BAGHDAD, (AP) – Iraq’s president on Sunday demanded a recount in this month’s historic parliamentary elections, intensifying the political conflict over the not-yet-completed tally and increasing the chances that the vote will be a long, chaotic test of the nascent democracy.
Prime Minister Nuri al-Maliki’s coalition is narrowly trailing in the overall vote tally to one led by former prime minister Iyad Allawi, with 95 percent of the vote counted. President Jalal Talabani, whose own coalition is losing to Allawi’s secular alliance in a key province, invoked the power of his office in calling for a recount.
On his official Web site, Talabani demanded that the Independent High Electoral Commission manually recount the ballots to “preclude any doubt and misunderstanding” about the results. He said he was making the demand “as the president of the state, authorized to preserve the constitution and to ensure justice and absolute transparency.”
Al-Maliki on Saturday called on the election commission to quickly respond to requests from political blocs for a recount.
The commission has rejected such calls, and Iraqi law empowers neither Talabani nor al-Maliki to force the issue. The panel is an independent body appointed by parliament, and submits its results only to the country’s supreme court for ratification.

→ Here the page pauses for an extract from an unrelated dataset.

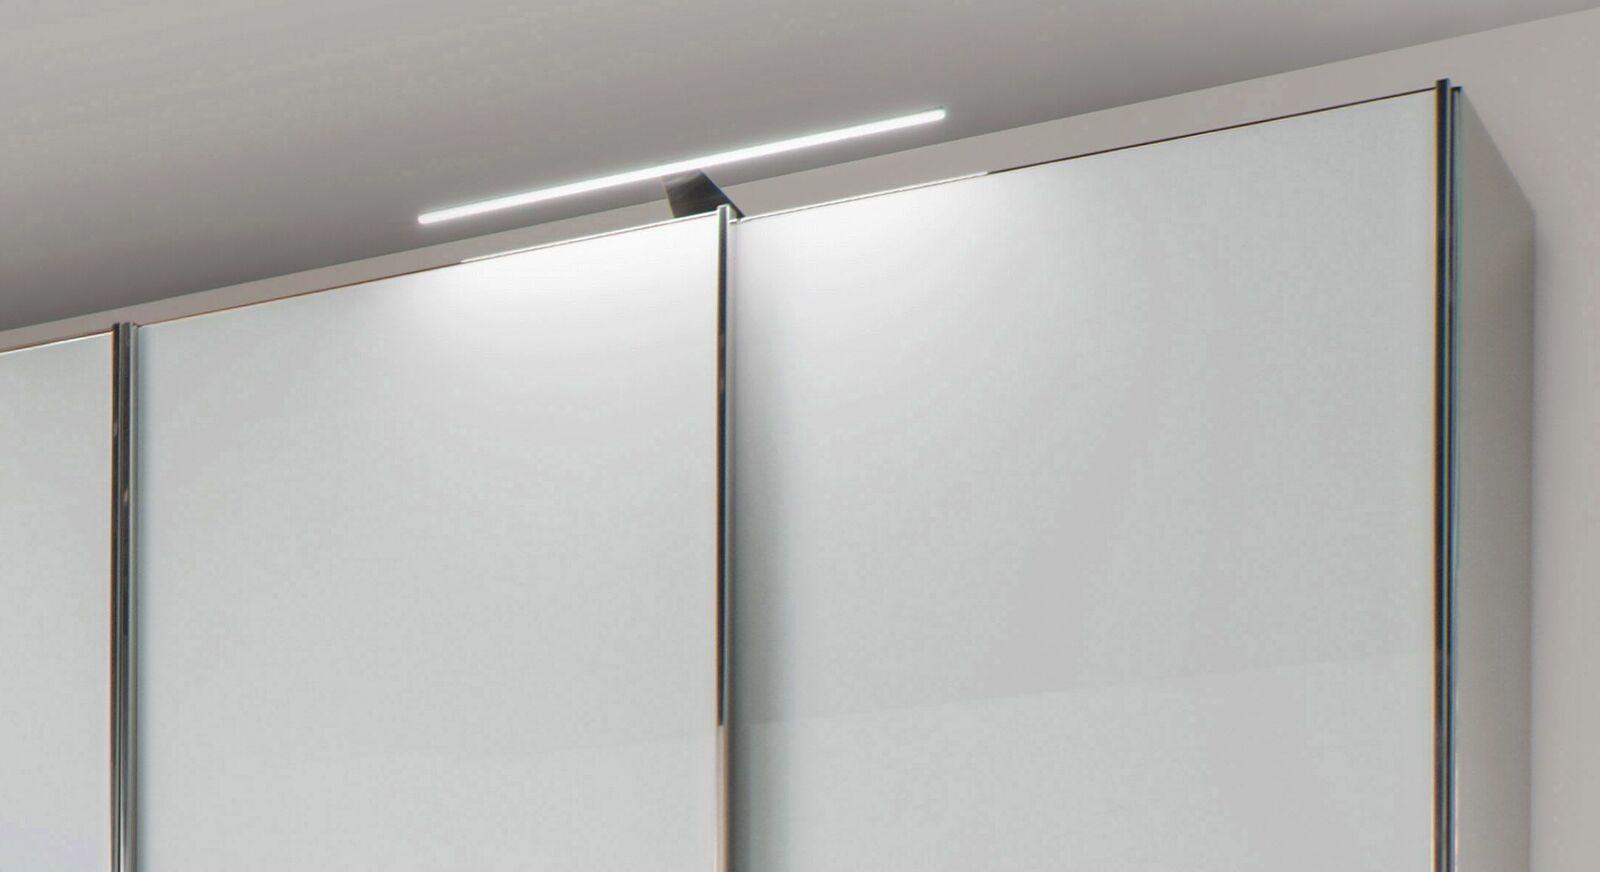 Schwebetüren-Kleiderschrank Shanvalley mit Aufsatz-Leuchte

A recount or a protracted election dispute could complicate the seating of a new government. In Iraq’s fledgling democracy, such periods of political instability have often been accompanied by violence, as debates not settled at the negotiating table are taken to the streets.
The process of counting ballots cast in the March 7 election has been criticized by some Iraqi politicians — often those losing at the time — as being plagued with fraud, though international observers have said the vote and count has been fair. Election officials have been handing out results in piecemeal fashion, creating the appearance of a tallying process in disarray.

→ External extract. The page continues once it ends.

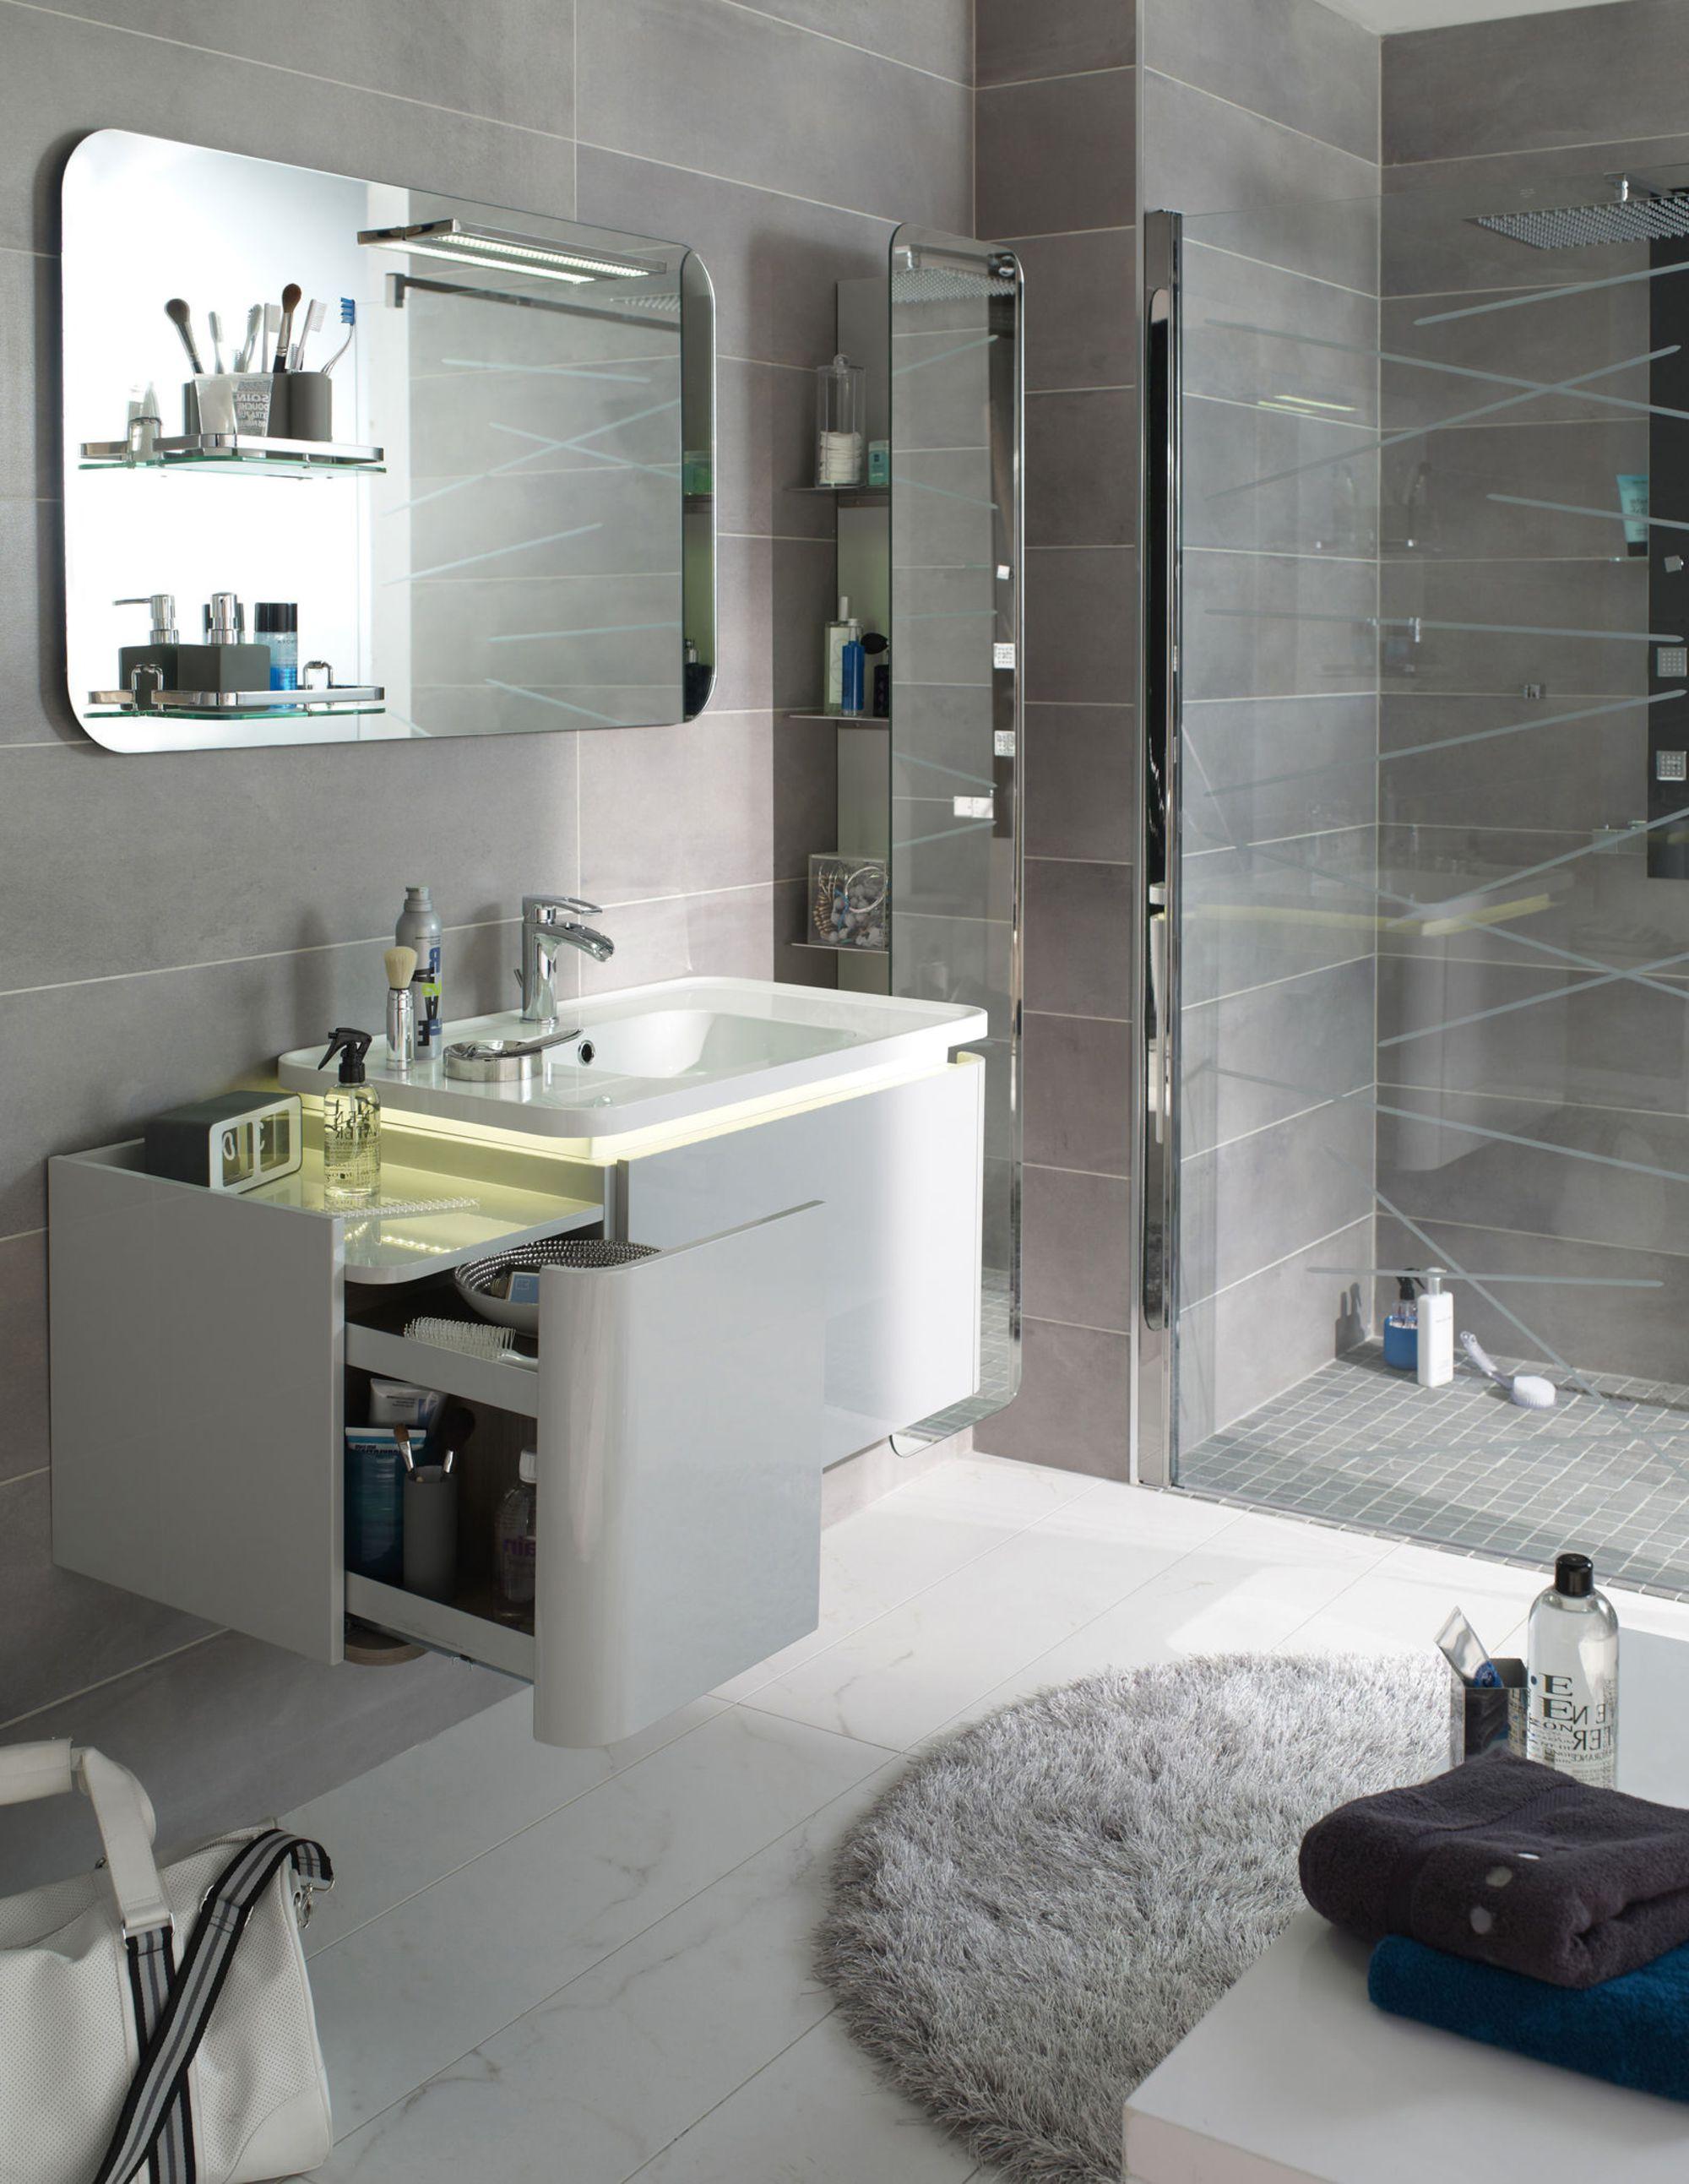 Идеи дизайна интерьера маленькой ванной

The head of the election commission, Faraj al-Haidari, urged the political parties to be patient Sunday and scoffed at the idea that a manual recount would be any more accurate than the computerized count nearing completion.
“If you do not believe in the most advanced counting technologies, then how you are going to believe in an employee using pen and paper?” al-Haidari asked.
Sunday marked the first time Talabani, a Kurd, has weighed in on the counting process. His party is part of the Kurdish Alliance, which is narrowly losing to Allawi’s Iraqiya alliance in the key Tamim province in the north. The province is home to the oil-rich city of Kirkuk, which is claimed by both Arabs and Kurds, and an Iraqiya win would be a blow to Kurdish claims on the city.
Allawi is a secular Shiite whose Iraqiya alliance has both Shiite and Sunni supporters. Iraqiya nudged ahead of al-Maliki’s State of Law coalition in the overall vote tally Saturday, and by Sunday it has a lead of 11,346 votes. An overall lead in the vote count, however, would not guarantee that Iraqiya would get the most parliamentary seats, because those are apportioned province by province.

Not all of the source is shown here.